Tymczasem pozostają wspomnienia. Autor koncentruje się na losach Howarda. To jemu poświęca najwięcej miejsca. W jego biografii ukazuje wszystkie te dramaty, których nie potrafi już zwerbalizować umierający George. Miłośnik zegarów, który wiecznie je naprawiał, mierzy się z ich zatrzymaniem w domu i jednoczesnym niespokojnym biciem tego własnego, biologicznego. W spadku po ojcu przejął tę specyficzną spostrzegawczość i uważność, dzięki której panował nad tym, nad czym wielu mężczyzn nie może panować. Teraz czeka bezwolny, a to właśnie Howardowi Harding udziela głosu, to on opowie za syna to wszystko, co trudne do opowiedzenia. W historii chorującego na padaczkę mężczyzny, który za wszelką cenę chciał być dobrym ojcem i mężem, widzimy bolesny rozdźwięk między marzeniami a rzeczywistością. Choćby w wyrazistej postaci babki George' a - kobiety, która wyobcowana jako żona i matka skrywała pustkę emocjonalną i bez wahania podjęła decyzję o usunięciu męża z rodziny w momencie, w którym jej zagrażał. Harding portretuje trudne decyzje i trudne wybory. One w różnym stopniu naznaczyły umierającego właśnie George' a, czyniąc jego życie bardziej skomplikowanym.

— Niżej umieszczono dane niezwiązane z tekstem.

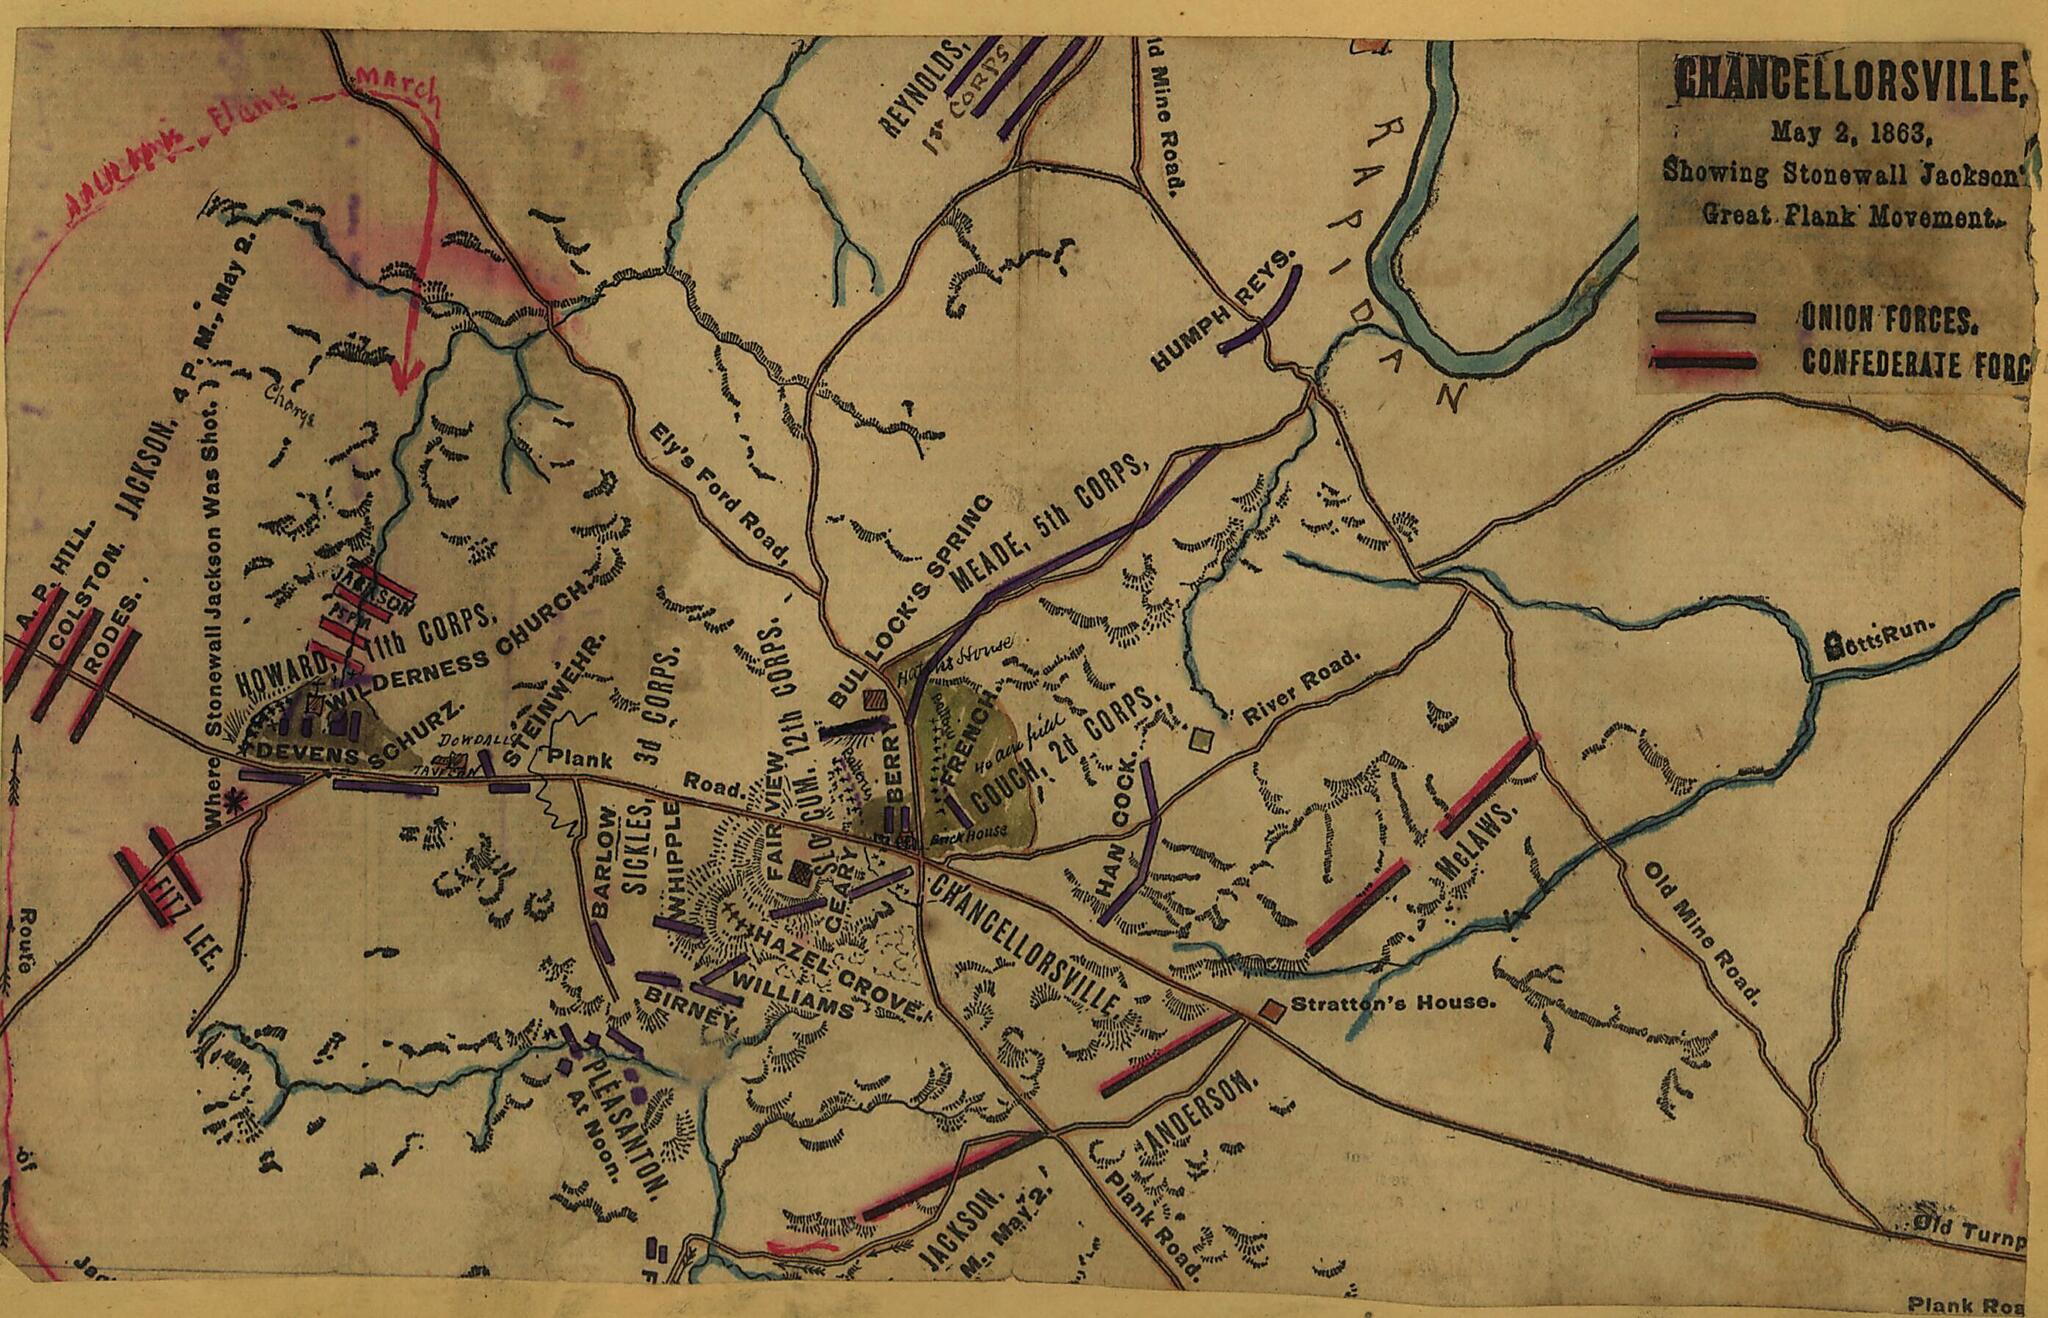 This old map of Chancellorsville, May 2, 1863, Showing Stonewall Jackson&

"Majsterka" jest przejmującą rozprawą o życiowym fatalizmie i o tym, że nie mamy wpływu na wiele zdarzeń, niekoniecznie także mamy wpływ na własne życie w kształcie, o jakim dla niego byśmy marzyli. Harding pisze o różnego rodzaju ucieczkach, ale sygnalizowany eskapizm jest metodą zagłuszenia wyrzutów sumienia, która działa tylko na chwilę. Skomplikowany świat relacji rujnuje wskazana już osobność będąca jednocześnie manifestem buntu. Mężczyźni w tej prozie żyją w stadach, ale nie potrafią się swymi stadami zaopiekować. Pojawiają się momenty, w których gaśnie ich umysł, zawodzi zdrowy rozsądek, a George na łożu śmierci to taki tragiczny niemy bohater ze zużytym ciałem i szamoczącym się do końca umysłem. Paul Harding tworzy metaforę rozpadu i na jej bazie analizuje życiorysy, które uległy rozpadowi. To książka bardzo melancholijna, ale też okrutnie bezpośrednia. Elegijny ton i autorska wrażliwość czynią z "Majsterki" małe literackie arcydzieło. Kameralne, a przecież symbolicznie tak wieloznaczne. Dla każdego, bo o przeznaczeniu, które z siebie wypieramy.